Its on Youtube somewhere... Search for Harris Chan PLL or something.


----------



## ThePizzaGuy92 (Jan 27, 2008)

the Y perm... I don't know why, but I get excited when I see a Y perm :]


----------



## pcharles93 (Jan 28, 2008)

J is so fun, and it makes a lot of noise. I do it in public to get people's attention and inform the world of my speedcuber status.


----------



## MiloD (Jan 28, 2008)

I like (L' U R U' L U2 R' U R U2 R') for J a lot. "niklas" + "sune" with cancellation


----------



## Siraj A. (Jan 28, 2008)

I voted H

But my other favorite is J.


----------



## pjk (Jan 28, 2008)

I did U. What about OLL? I was timing various algs today, and I found out that I can do the inverse sune in 0.8x seconds. Much quicker than I thought.


----------



## doubleyou (Jan 30, 2008)

my favourite is the J perm. this is because there are so many mindblowing algs for it.

I use the one I saw in captaincrash's G perm vid on youtube


----------



## Leviticus (Feb 2, 2008)

mine is the J perm, this one, R U R' F' R U R' U' R' F R2 U' R' U' , its my fastest but closely followed is the U, T and Y, there all trigers that are easy


----------



## Kenneth (Feb 2, 2008)

Looking at the results I can understand J, T and U but why not A? it's short and fast and can be done in many ways = you can always find one that suits your style.


----------



## Inusagi (Feb 2, 2008)

I voted for the U perm. It's my fastest one.


----------



## Dene (Feb 2, 2008)

Kenneth said:


> Looking at the results I can understand J, T and U but why not A? it's short and fast and can be done in many ways = you can always find one that suits your style.



Perhaps, but anyone that likes A probably likes U better.

EDIT: OH, I finally get the J perm, it's like a quick trigger, plus the start of the T-perm, no wonder people can do it so fast!


----------



## dudemanpp (Feb 2, 2008)

I LOVE J perm. The modified anti-Sune into PLL is so fast.


----------



## Tomarse (Feb 8, 2008)

Dene said:


> brad711 said:
> 
> 
> > I vote T, because although its not my fastest, you never reposition your hands, and the last chunk goes insanely fast.
> ...



He's probably left handed like me


----------



## Swordsman Kirby (Feb 8, 2008)

If you can do a T-perm fast you can do a J-perm fast (at least the UFR one). If you can't see why, then...


----------



## Dene (Feb 8, 2008)

Tomarse said:


> Dene said:
> 
> 
> > brad711 said:
> ...



Even so, this is not the mirror of the "popular" right handed algorithm.

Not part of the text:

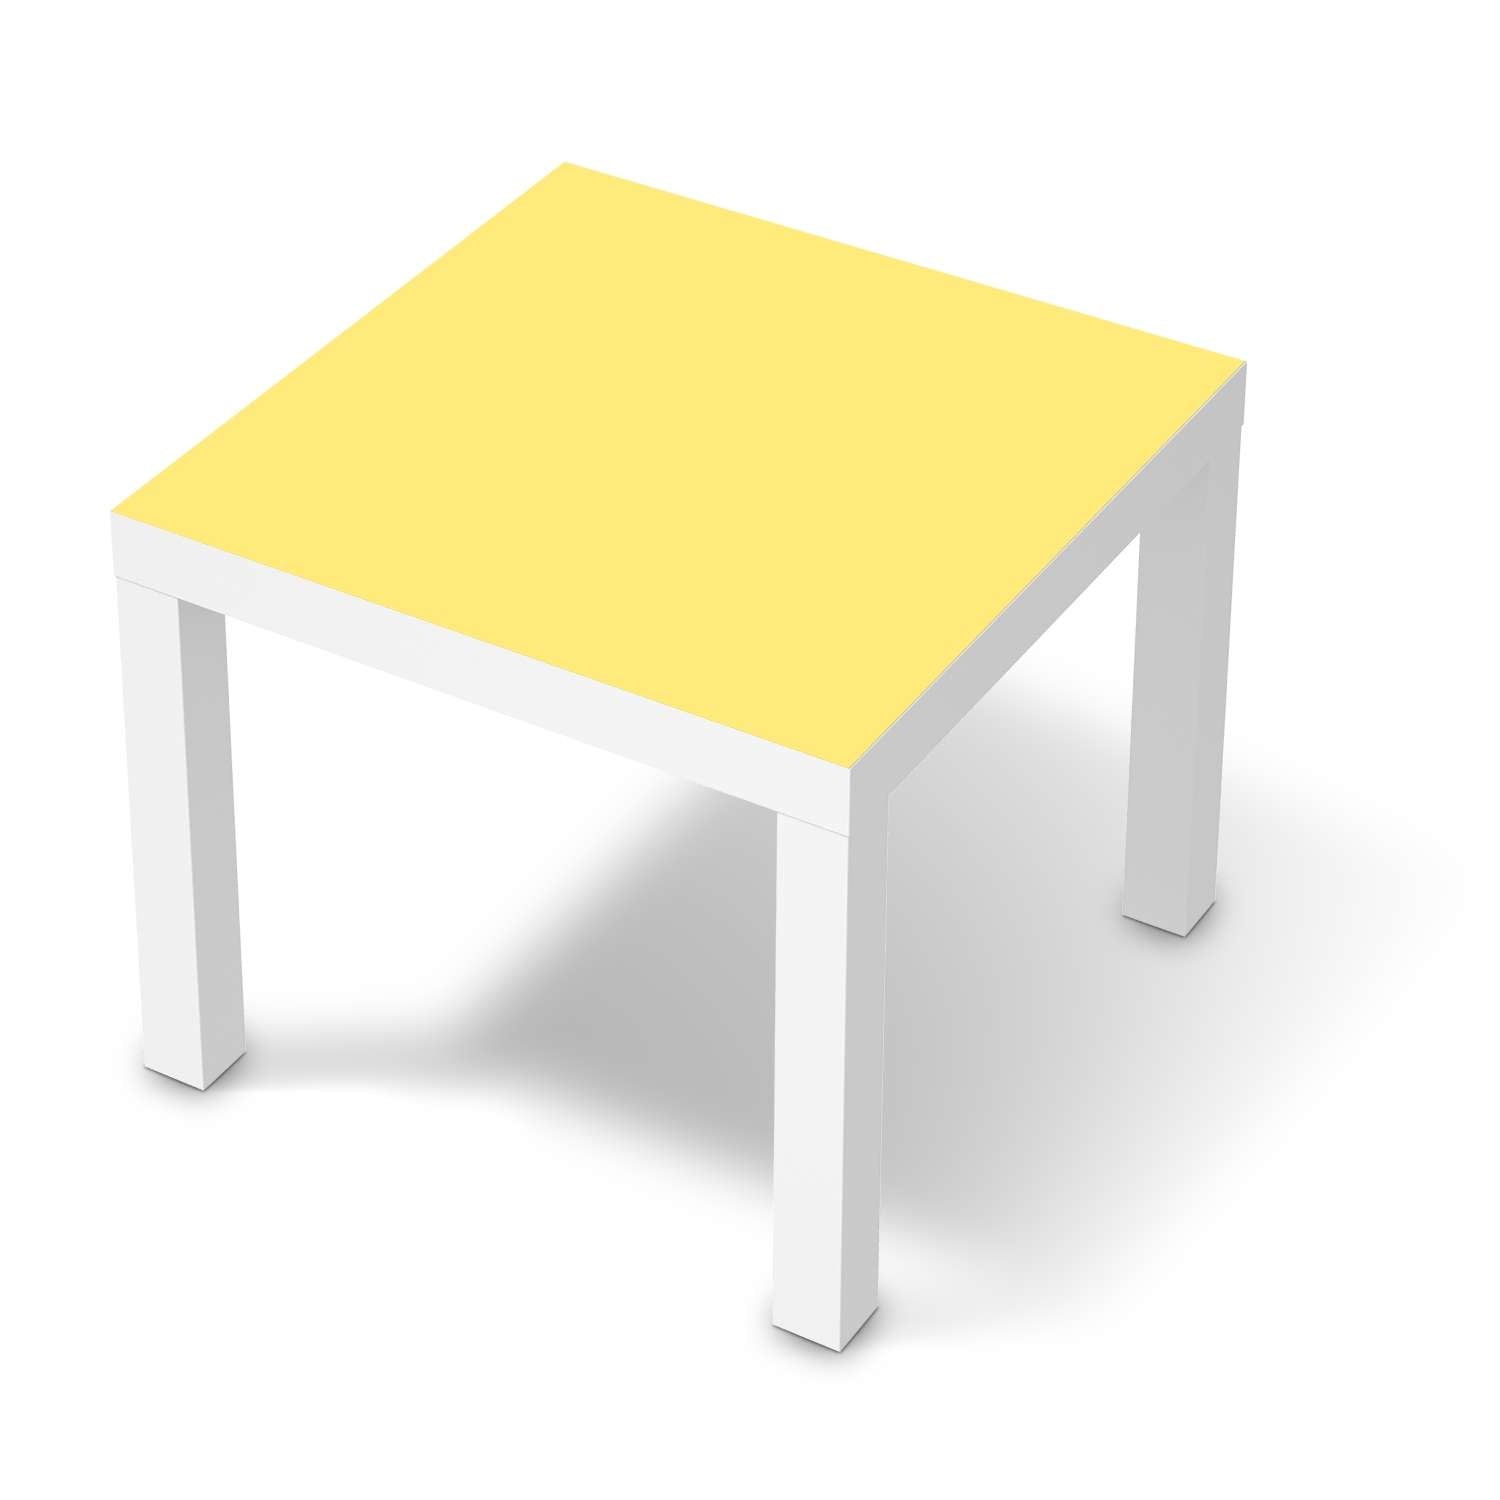 M?belfolie IKEA Lack Tisch 55x55 cm - Design: Gelb Light von creatisto
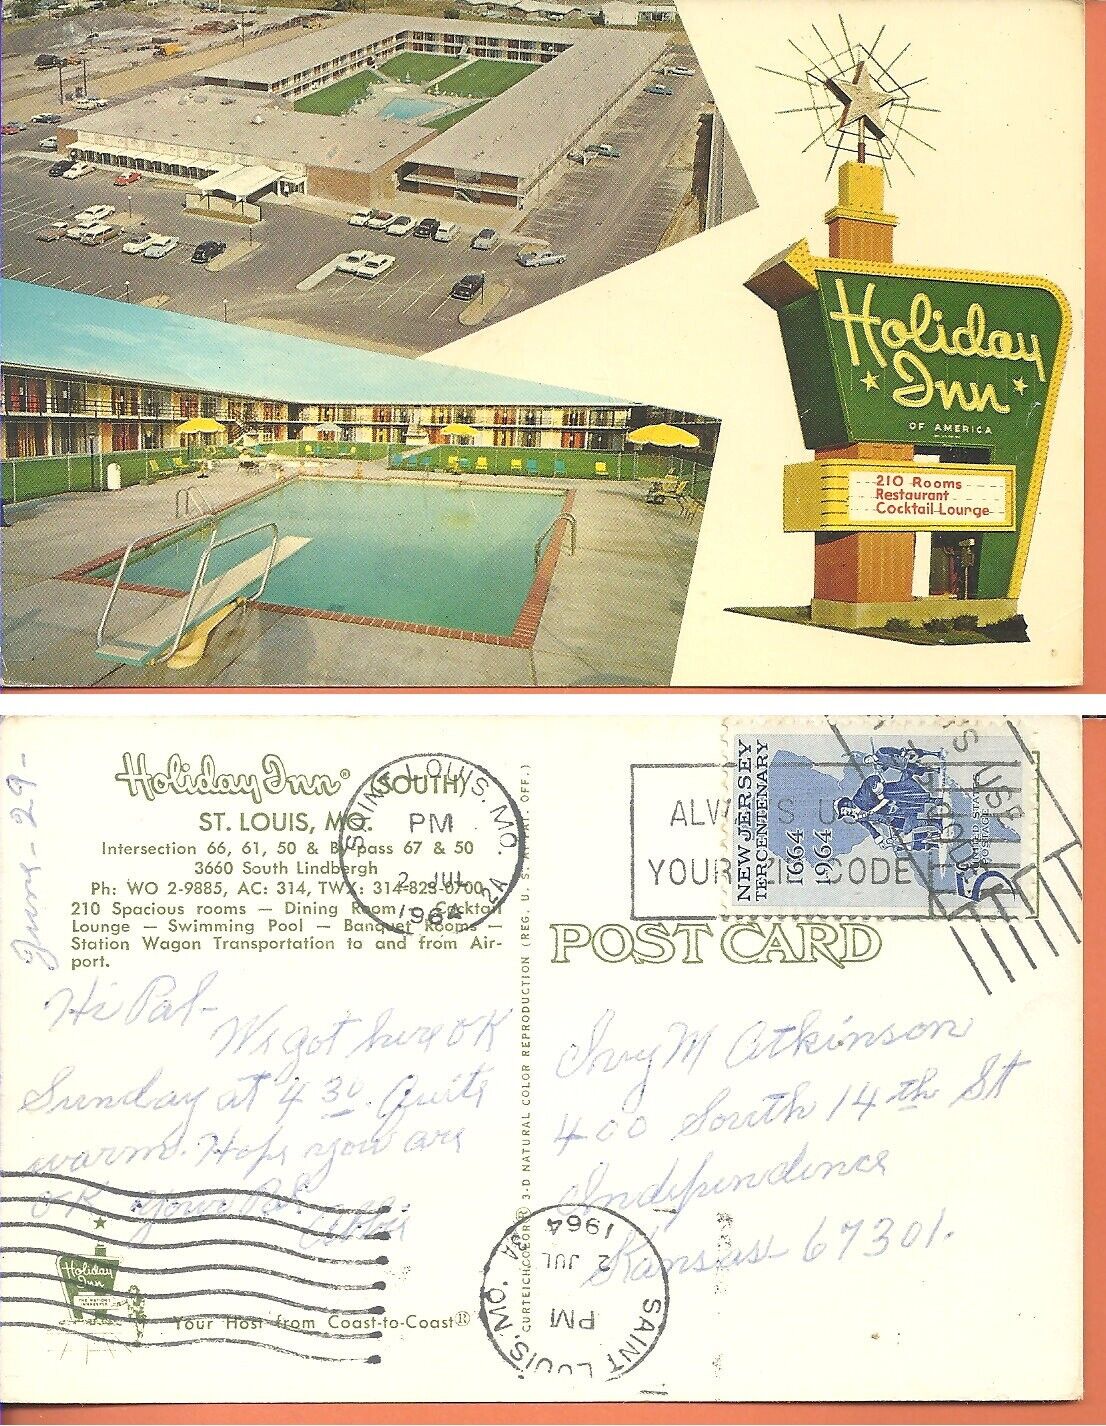 Holiday Inn, St. Louis, Mo. 1964

Ah, I just figered it out. It is the mirror and inverse. That is kind of wierd. I still think the plain mirror would be faster.


----------



## MistArts (Feb 8, 2008)

Hard choice between V, Z, and J but I voted for J

V is not up there -.-


----------



## Frubix (Oct 24, 2013)

WOW, a 5 year skip, my favorite PLL's are the R-perms, I don't know why, they just flow nicely


----------



## TDM (Oct 24, 2013)

My V perm (R' U R' U' R D' R' D R' y R2 U' R2' d R2) or my A perm (R2 U2' R2' D R2 U' R2' U R2 D' R2' U' R2 U' R2').
I don't actually use that A perm, but I just love that alg.


----------



## mark49152 (Oct 24, 2013)

I just love all my PLLs. I feel cheated if I get a skip.


----------



## Kirjava (Oct 24, 2013)

gotta be T

dat T


----------



## PeelingStickers (Oct 24, 2013)

H so simple yet so nice.


----------



## TDM (Oct 24, 2013)

Just seen there's a poll. G is an option, but V isn't


----------



## ottozing (Oct 24, 2013)

M2' U' M U2 M' U' M2' <3 <3 <3


----------



## ryanj92 (Oct 24, 2013)

I love me a good E perm

Although it's not an option. F perm it is, then


----------



## Username (Oct 24, 2013)

Jb or one of the R-perms (can't remember which one it is). Jb is the best one though, and it's my fastest too (I think)


----------



## CHJ (Oct 24, 2013)

Y perm......just look at my sig


----------



## Ninja Storm (Oct 24, 2013)

I like the PLL skip.


----------



## Iggy (Oct 24, 2013)

I like Jb, Rb, T and all the Us a lot.


----------



## CubezUBR (Oct 24, 2013)

i like the f perm. it suits my personality.


----------



## kcl (Oct 24, 2013)

CubezUBR said:


> i like the f perm. it suits my personality.



You're slow, annoying, and people ignore you a fair amount..?


----------



## Sa967St (Oct 24, 2013)

Poll edited. The last option is now "Other" instead off "Z".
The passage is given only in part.